• TASK:
Please repeat word for word the line containing "salle manger country" and every following line up to and including the last one below, pictures excluded.

• GIVEN DATA:
================

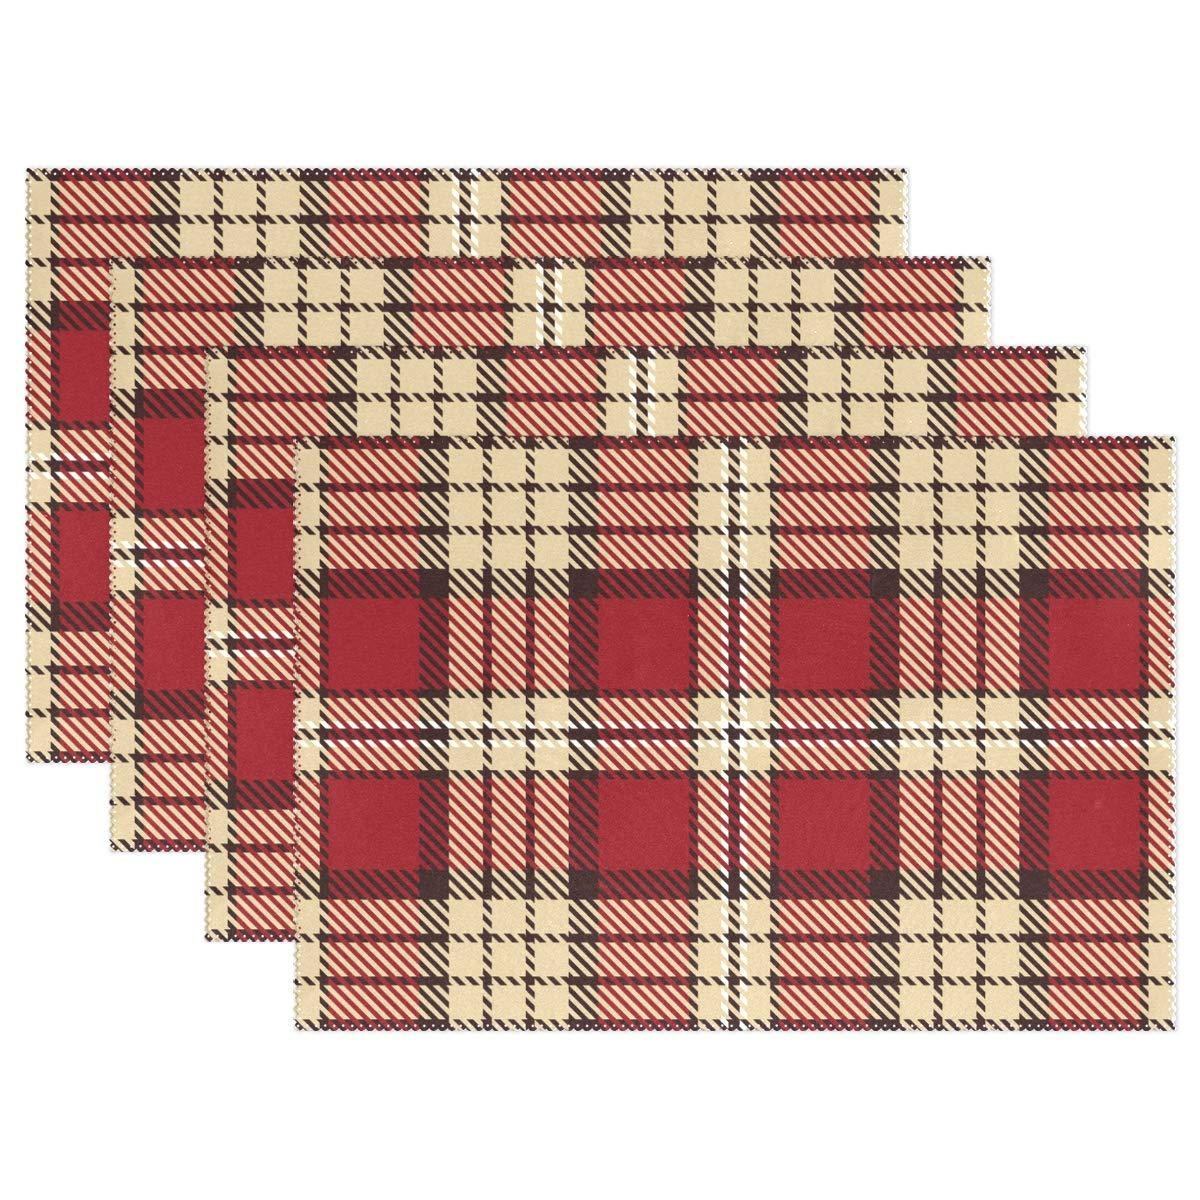 Jereee クリスマス 赤 ベージュ 格子柄 1セット プレースマット 耐熱 テーブルマット 洗濯可能 汚れにくい 滑り止め ポリエステル プレースマット キッチン ダイニング デコレーション Set of 4 g11030460p145c160s239 Set of 4 マルチカラー B07JPH1NDX
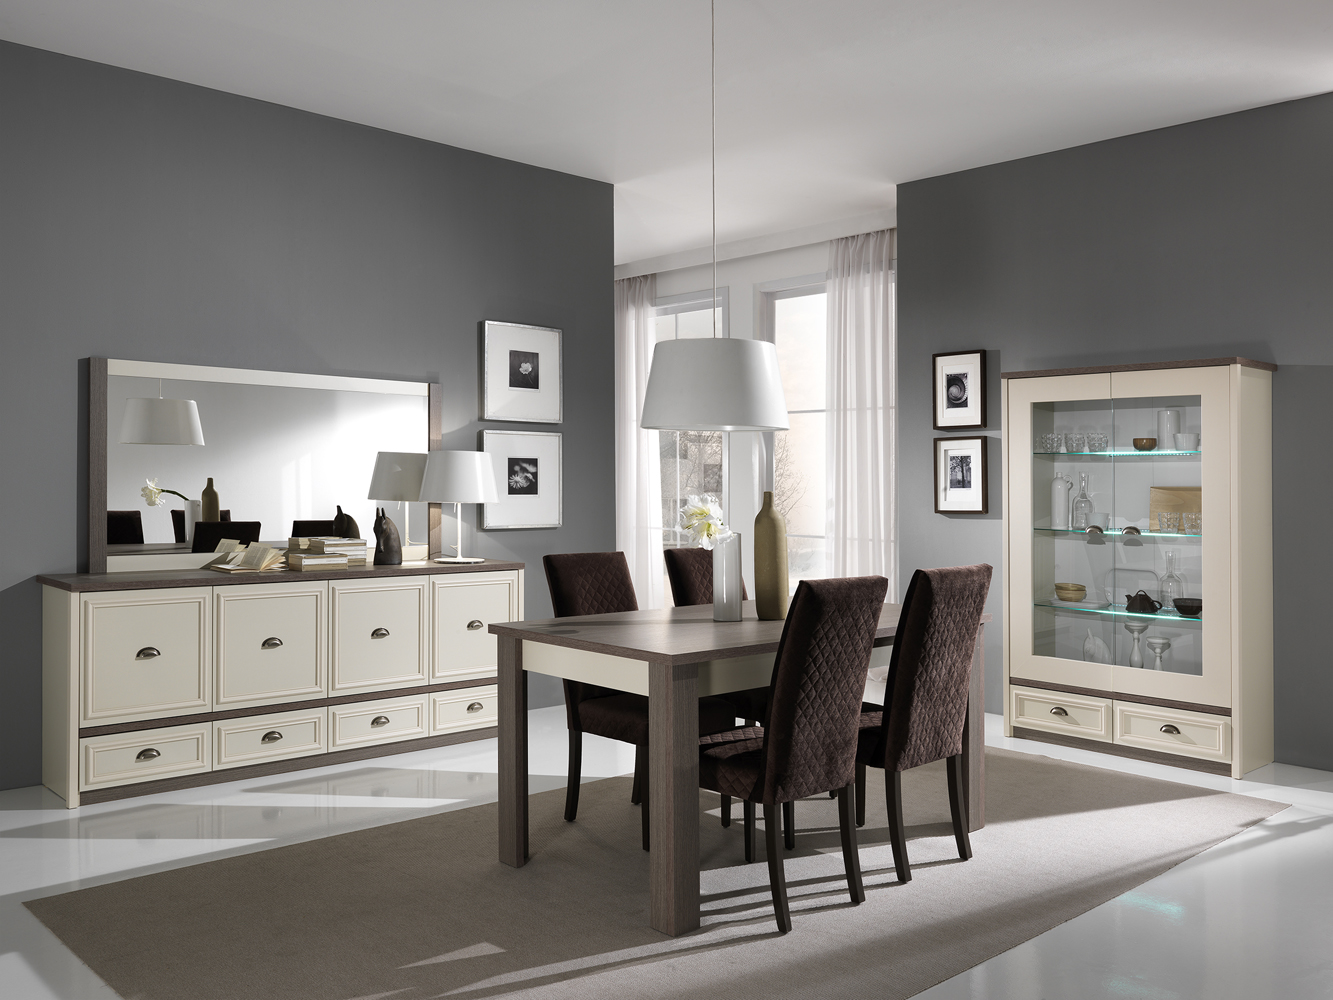 salle manger country nkl meuble wassa et deco. Black Bedroom Furniture Sets. Home Design Ideas
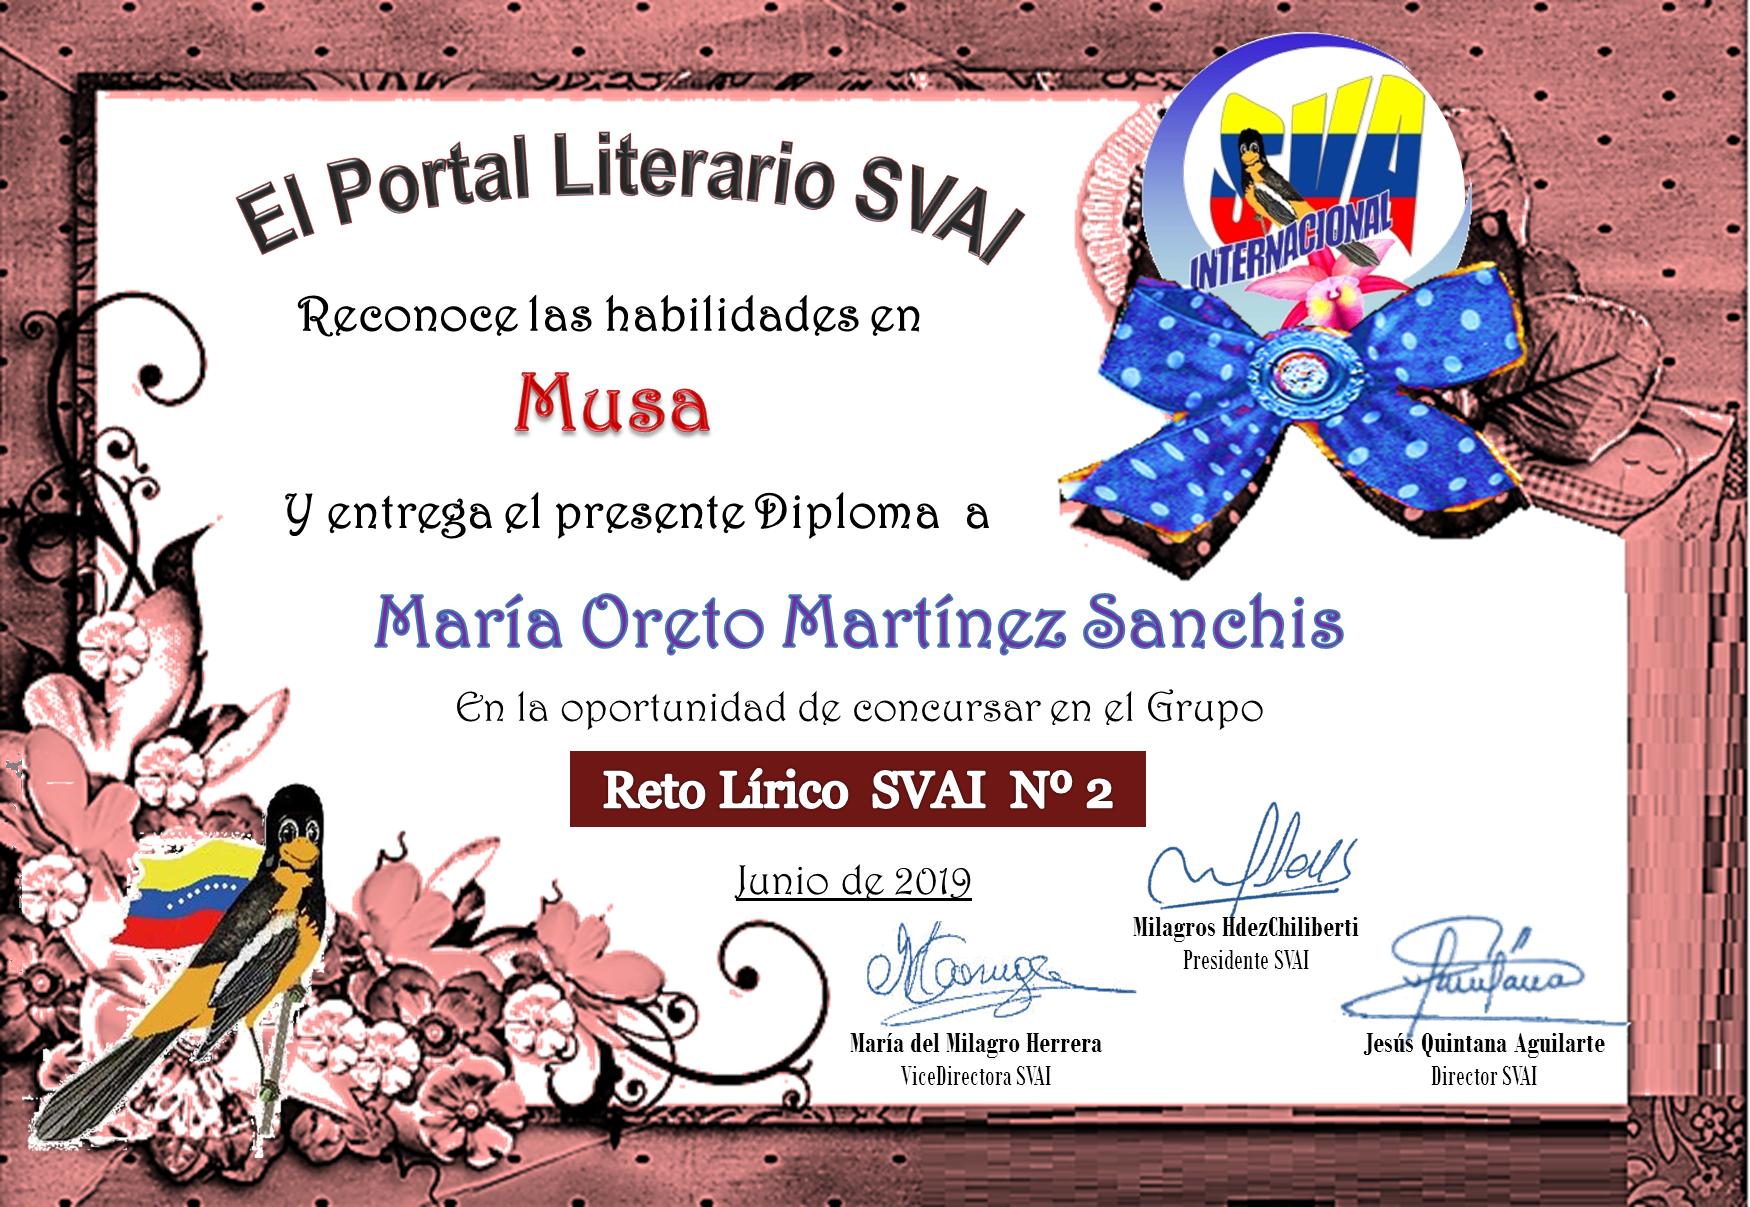 MARÍA ORETO MARTÍNEZ SANCHIS

================

• EXPECTED ANSWER:
 salle manger country nkl meuble wassa et deco. Black Bedroom Furniture Sets. Home Design Ideas
 MARÍA ORETO MARTÍNEZ SANCHIS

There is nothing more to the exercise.